# Payg Sim-card



## StreetsOfRage (Jun 28, 2016)

Hi guys.

Any advice on a PAYG sim-card to use when in Spain (without a contract).

Would need internet access - though not heavy use (mainly for messaging type apps, maps and travel browsing etc. - no video watching).

Ideally it would be good if my unused credit didn't get eaten up at the end of every month. I'll be flitting back and forth for the next few months. 

Loads of cheap options here in the UK (such as Delight and Giff Gaff etc.) Though heard Spain is really expensive and inflexible in comparison. Let's see. . . .

Thanks.


----------



## snikpoh (Nov 19, 2007)

StreetsOfRage said:


> Hi guys.
> 
> Any advice on a PAYG sim-card to use when in Spain (without a contract).
> 
> ...


Have you looking into the relative costs of using a UK SIM in Spain? Might be cheaper than you think.


----------



## StreetsOfRage (Jun 28, 2016)

snikpoh said:


> Have you looking into the relative costs of using a UK SIM in Spain? Might be cheaper than you think.

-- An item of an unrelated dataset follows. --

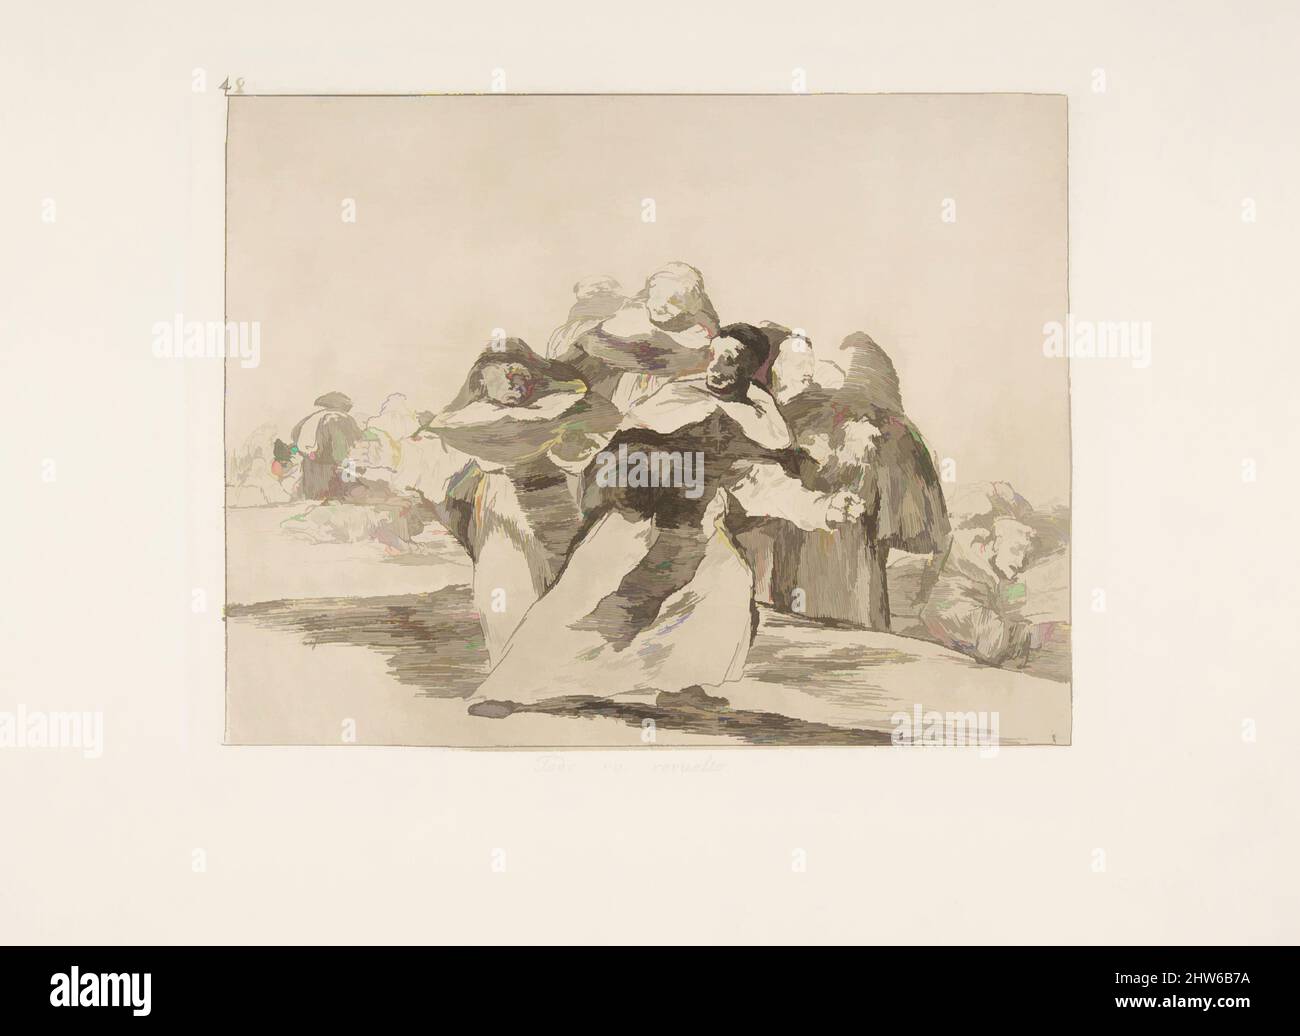 Art inspiré par la planche 42 de 'les désastres de la guerre' (Los Desastres de la Guerra): 'Tout est Topsy-turvey.'(Todo va revuelto.), 1810 (publié en 1863), Etching et burin, plaque: 6 3/4 × 8 9/16 in. (17,2 × 21,7 cm), Prints, Goya (Francisco de Goya y Lucientes) (Espagnol, Fuendetodos, oeuvres classiques modernisées par Artotop avec une touche de modernité. Formes, couleur et valeur, impact visuel accrocheur sur l'art émotions par la liberté d'œuvres d'art d'une manière contemporaine. Un message intemporel qui cherche une nouvelle direction créative. Artistes qui se tournent vers le support numérique et créent le NFT Artotop Banque D'Images

I did have a quick look. But the fact is that when I'm actually in Spain nobody would ever call me on a 'foreign number'. So I need a +34


----------



## Horlics (Sep 27, 2011)

StreetsOfRage said:


> I did have a quick look. But the fact is that when I'm actually in Spain nobody would ever call me on a 'foreign number'. So I need a +34


Vente a Orange | Móviles, tarifas 4G, ADSL, TV e Internet

I use the Ballena option. 9 Euros a month for 2 GB of data and then calls to the UK are 0.0121 Euros a min. Calls to other Orange users (in Spain) are free.


----------



## StreetsOfRage (Jun 28, 2016)

Horlics said:


> I use the Ballena option. 9 Euros a month for 2 GB of data and then calls to the UK are 0.0121 Euros a min. Calls to other Orange users (in Spain) are free.


Hi. Thanks.

Though 9 euros a month implies that it's a contract. Not true payg.


----------